— Глаза зеленые весны… — прошептала Регина, засыпая. — Глаза… зеленые… весны…
…Она не знала, что в это же время медсестра реанимационной палаты первой Градской больницы, помедлив, прикрыла веки только что умершей женщине. Непорядок это — оставлять покойницу с открытыми глазами. Да еще с такими, в которые отчего-то страшно заглянуть… Оттого-то и не успела заметить, что радужка покойницы поблекла, сменив изумрудный цвет на серый. Натянула край простыни на успокоившееся только в смерти лицо.
— Документы при ней хоть были? — спросила, выглянув в коридор, у заглянувшего из любопытства знакомого санитара «Скорой». — С виду молодая еще, дети, поди, муж… Кому сообщать-то?
— Да какие там документы! С улицы забрали, в чем есть.
Санитар, мужчина в годах, покачал головой.
— Там вообще непонятно что произошло. Хоронили какого-то мужика, должно быть важного, народу много пришло. Уже с ним прощались; и тут как рванет! Главное, не пойми что и пойми где: то ли в толпе, то ли под гробом… Взрыв-то несильный, без осколков, но наши говорят — по действию очень похоже на какой-то газ, вроде нервно-паралитического. Хорошо, что на открытом воздухе все случилось: почти никто особо не пострадал, ветерком обдуло, прочухались. Только ослабли сильно. Зато живы. А этой мадам не повезло: она ближе всех к очагу оказалась … В общем, хрен его знает, чего она наглоталась. Вскрытие покажет.

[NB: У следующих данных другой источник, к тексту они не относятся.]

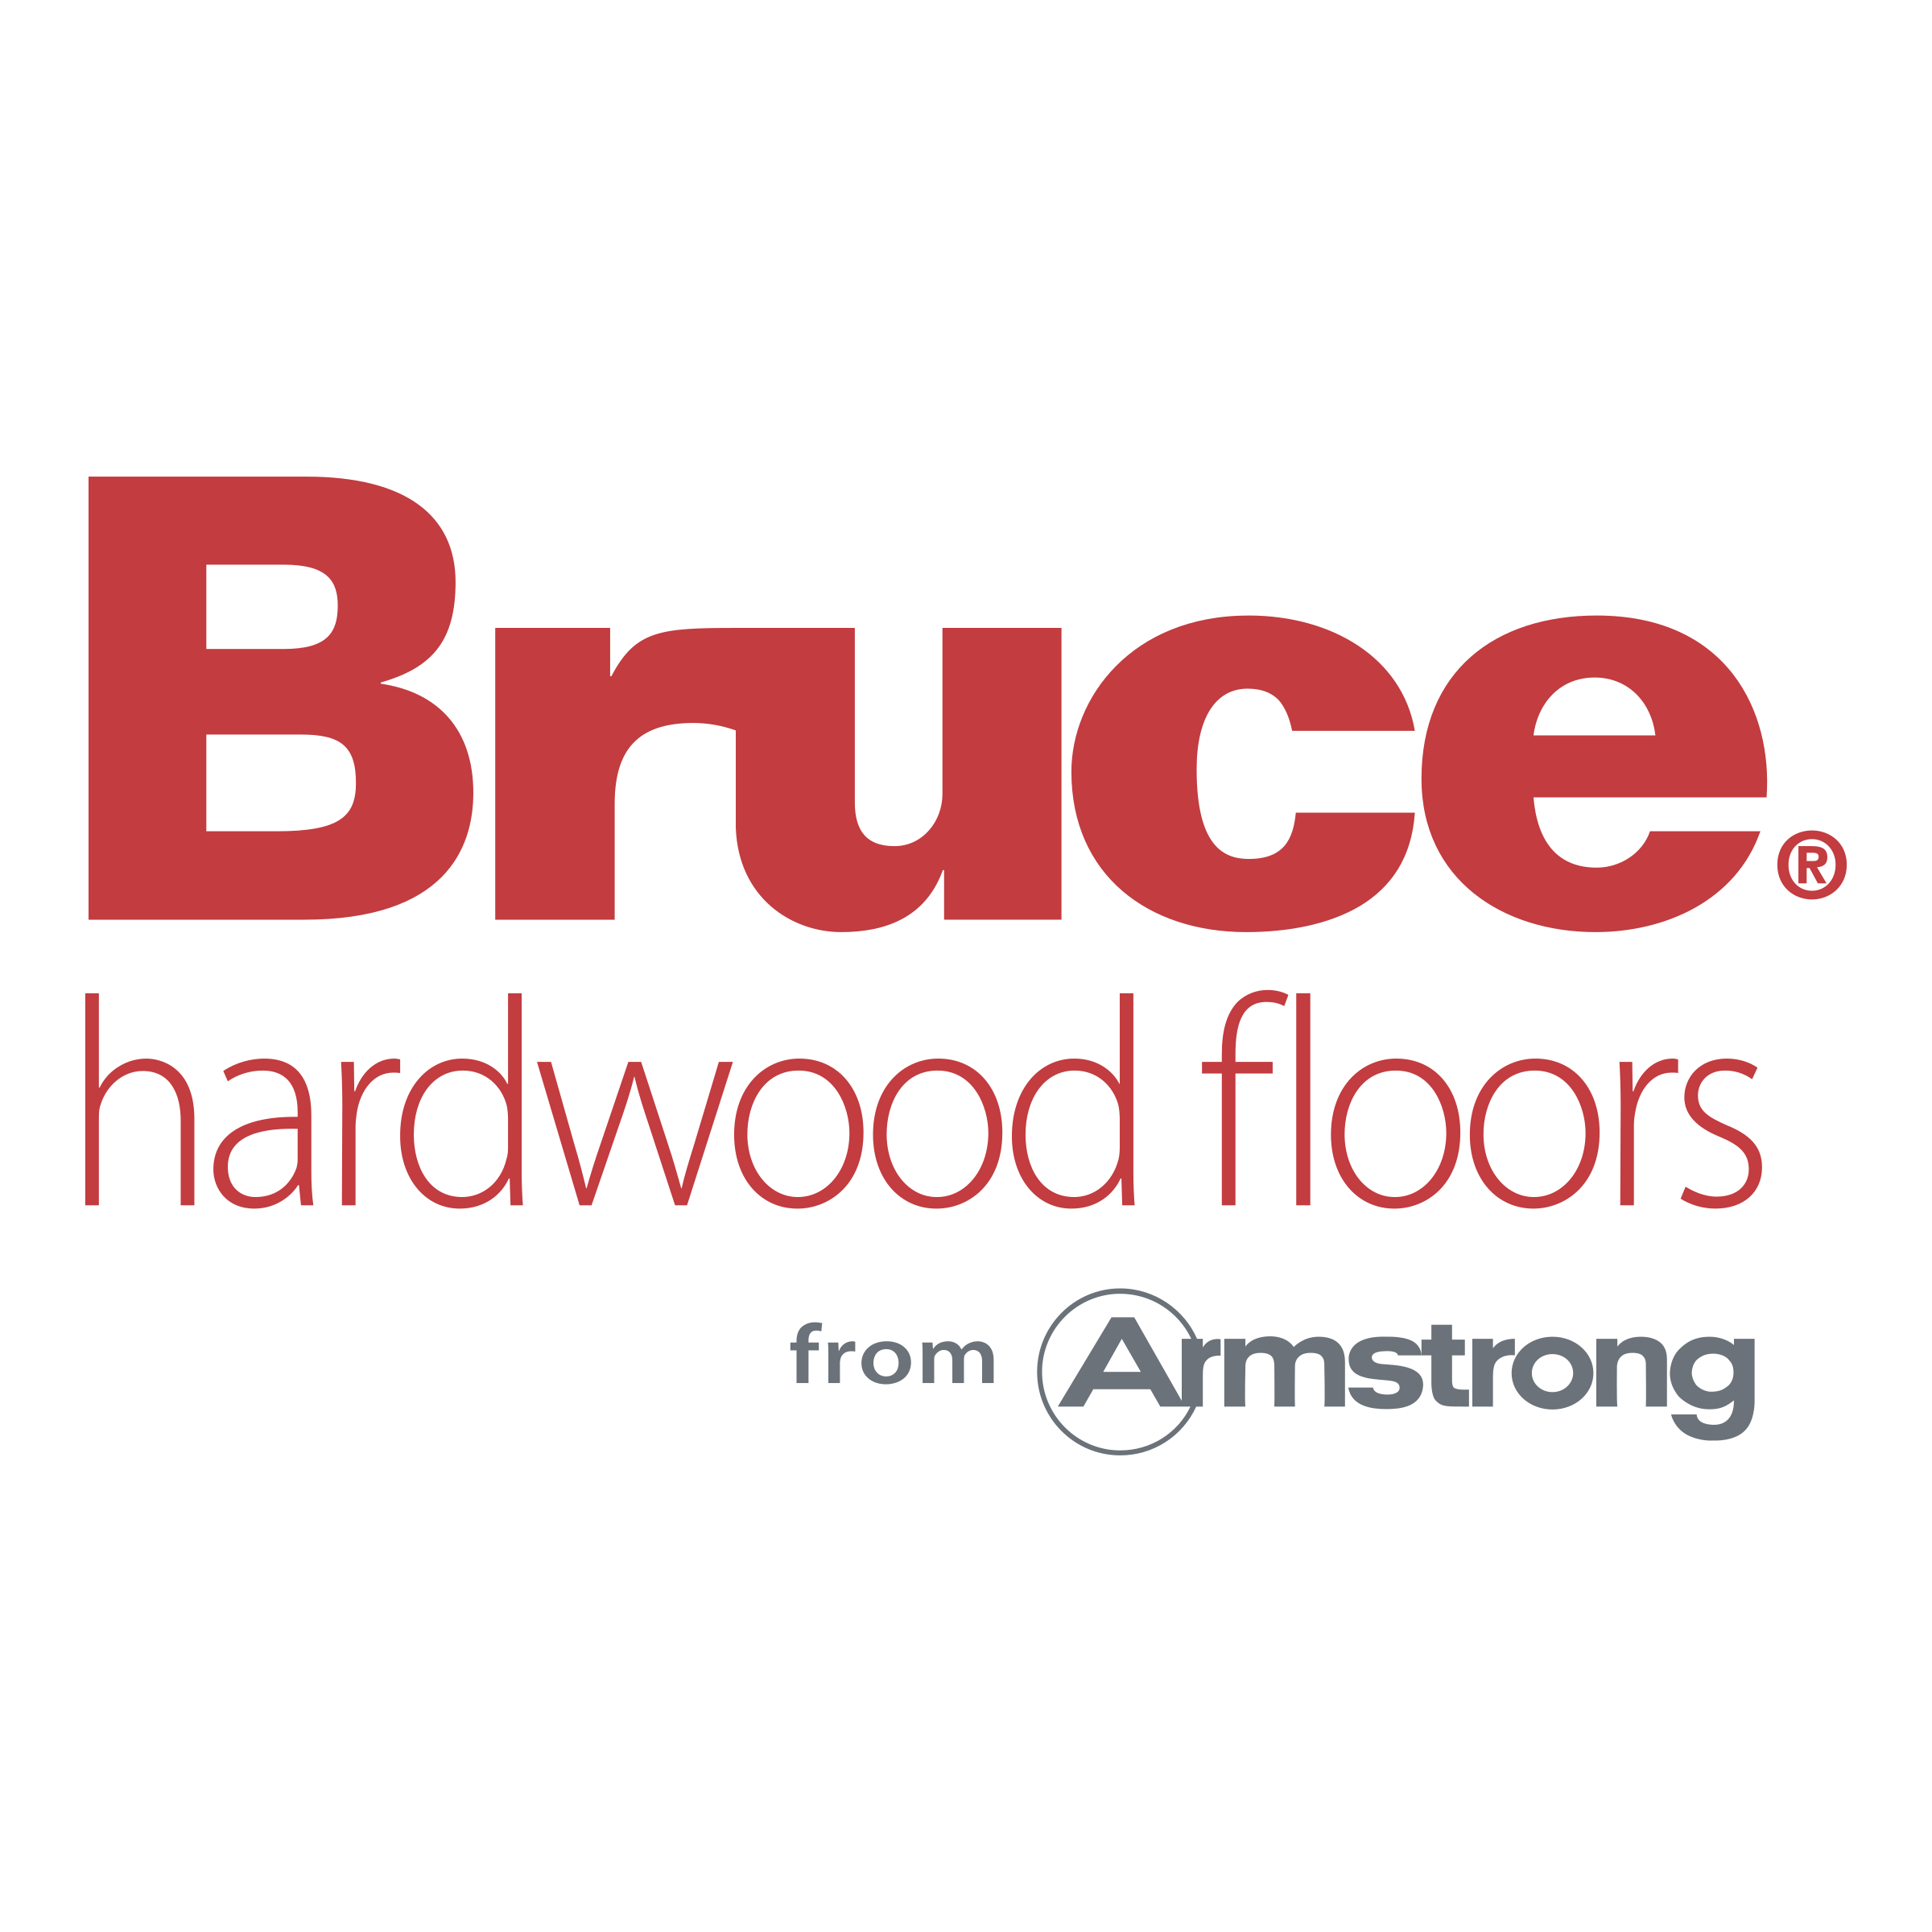 Bruce Logo - Bruce Logo PNG Transparent & SVG Vector - Freebie Supply

Перевел взгляд на окно в конце больничного коридора.
— Глянь-ка, солнце появилось! Глядишь, потеплеет…
…Судорожно, со всхлипом втянув воздух, Регина вскочила, держась за сердце. В грудь словно вогнали раскаленный гвоздь. Или, чего уж там, осиновый кол, не меньше! Но уже через секунду боль отступила, почти утихла, оставив вместо себя неприятное, но терпимое покалывание при каждом вдохе. И нарастающее чувство паники.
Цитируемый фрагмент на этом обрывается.